In 1838, Edgar Allan Poe (American author aka horror-god) released his only complete novel, “The Narrative of Arthur Gordon Pym of Nantucket” termed “a very silly book” by critics. Even then, the book went on to inspire heavyweights like Jules Verne (French Novelist) to write “An Antarctic Mystery” and Herman Melville (American Novelist) to write “Moby-Dick”. The outstanding point of Poe’s novel was its startling prophecy that placed it on banner headlines some half a century later.

One intriguing episode in the novel is when a ship gets lost at sea with four crewmen onboard. Once out of food, the men drew lots to see who would be eaten. The unfortunate decision lands on a young cabin boy named Richard Parker.

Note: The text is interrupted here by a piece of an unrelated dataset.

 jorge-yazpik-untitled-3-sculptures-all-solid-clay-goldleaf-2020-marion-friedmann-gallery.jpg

It all happened in fiction and had supposedly no bearing on facts. But what happened forty-six years later simply shook those who could join the dots between the fiction and the fact.

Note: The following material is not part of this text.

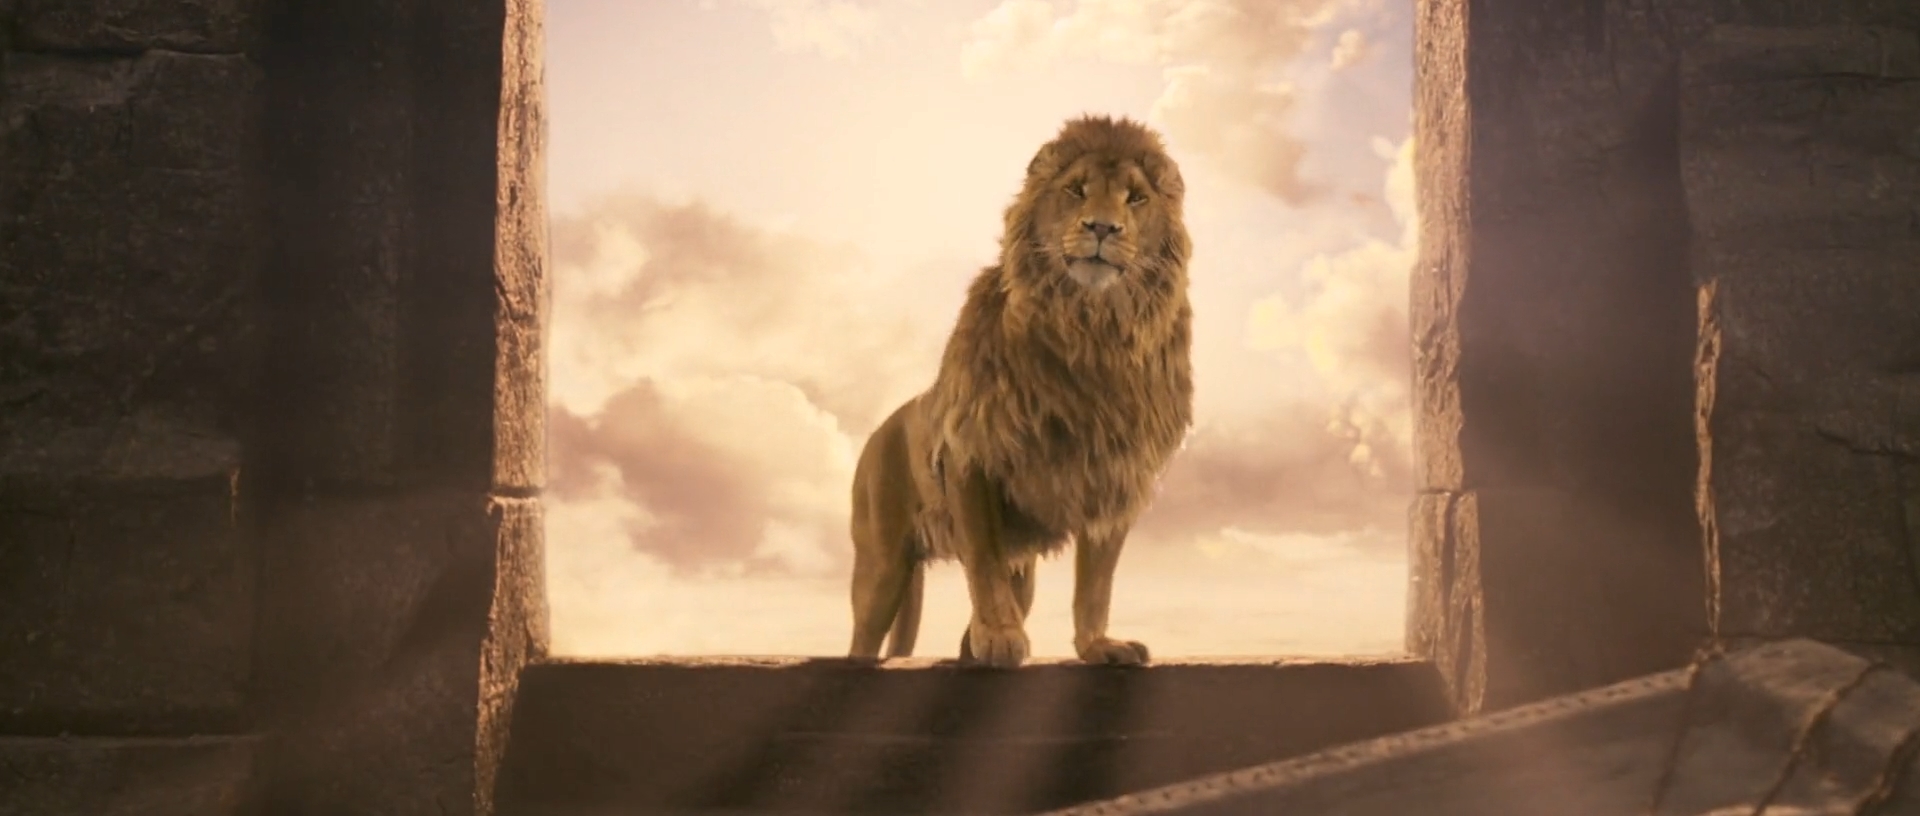 Aslan the Great Lion of Narnia by MCsaurus on DeviantArt

In 1884, an actual ship with four men onboard got lost at sea. Akin to Poe’s fictitious novel, the men drew lots and decided to eat their cabin boy. If that wasn’t enough of insane coincidence, a bizarre story that followed left all tongues wagging. Decades later, a distant cousin of the Richard Parker (the fictitious boy in Poe’s novel) showed up and stumbled upon the connection! In other words, fiction had strangely turned factual.

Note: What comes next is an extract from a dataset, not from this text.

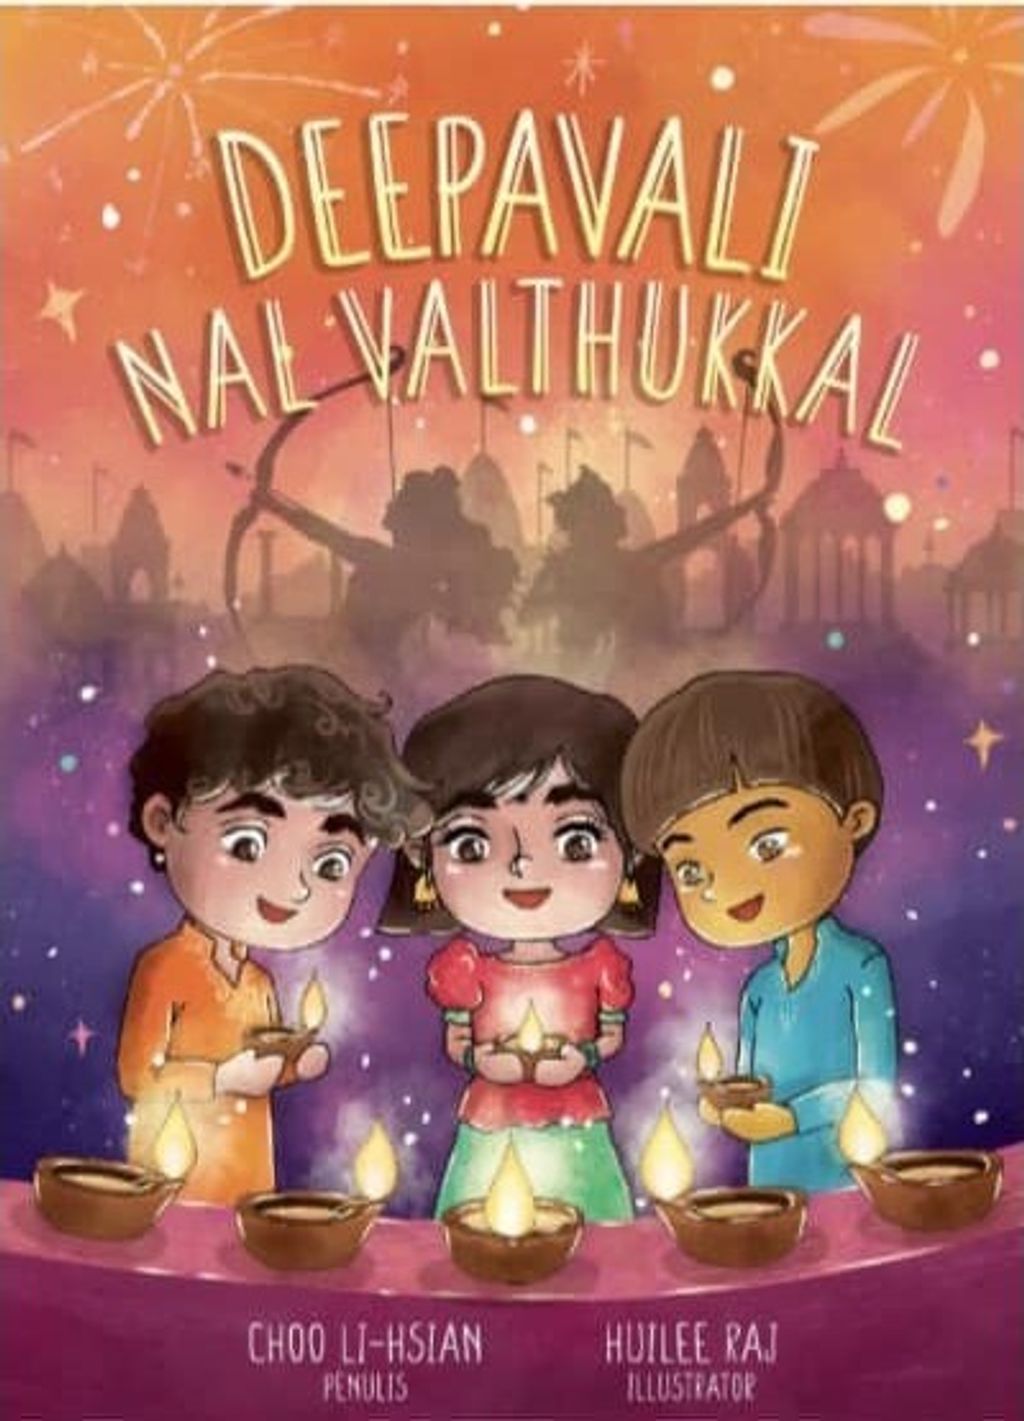 Deepavali Nal Valthukkal

But then Poe wasn’t only one to predict future events unintentionally and, yet accurately.

Some hundred years before the celebrated Hollywood director James Cameron would show the world his classic cinema “Titanic”, American author Morgan Robertson had written a novel “Futility, or the Wreck of the Titan” in 1898, predicting the sinking of an “unsinkable” ship, Titan. The novel described Titan as “the largest unsinkable craft afloat and the greatest of the works of men”.

Fourteen years later, there was an actual sinking of an “unsinkable” ship, Titanic, at sea. A fact-finding exercise later revealed that both ships (fictional Titan and factual Titanic) were British-owned steel vessels. Both were around 800 feet long. Both had too few lifeboats to accommodate every passenger onboard. And, both sank after hitting an iceberg in the North Atlantic, in April, around midnight.

Kashmir might not has had storytellers like Poe or Robertson, but it definitely had a visionary author like Akhtar Mohiuddin, whose works akin to Poe’s and Robertson’s made some startling future predictions.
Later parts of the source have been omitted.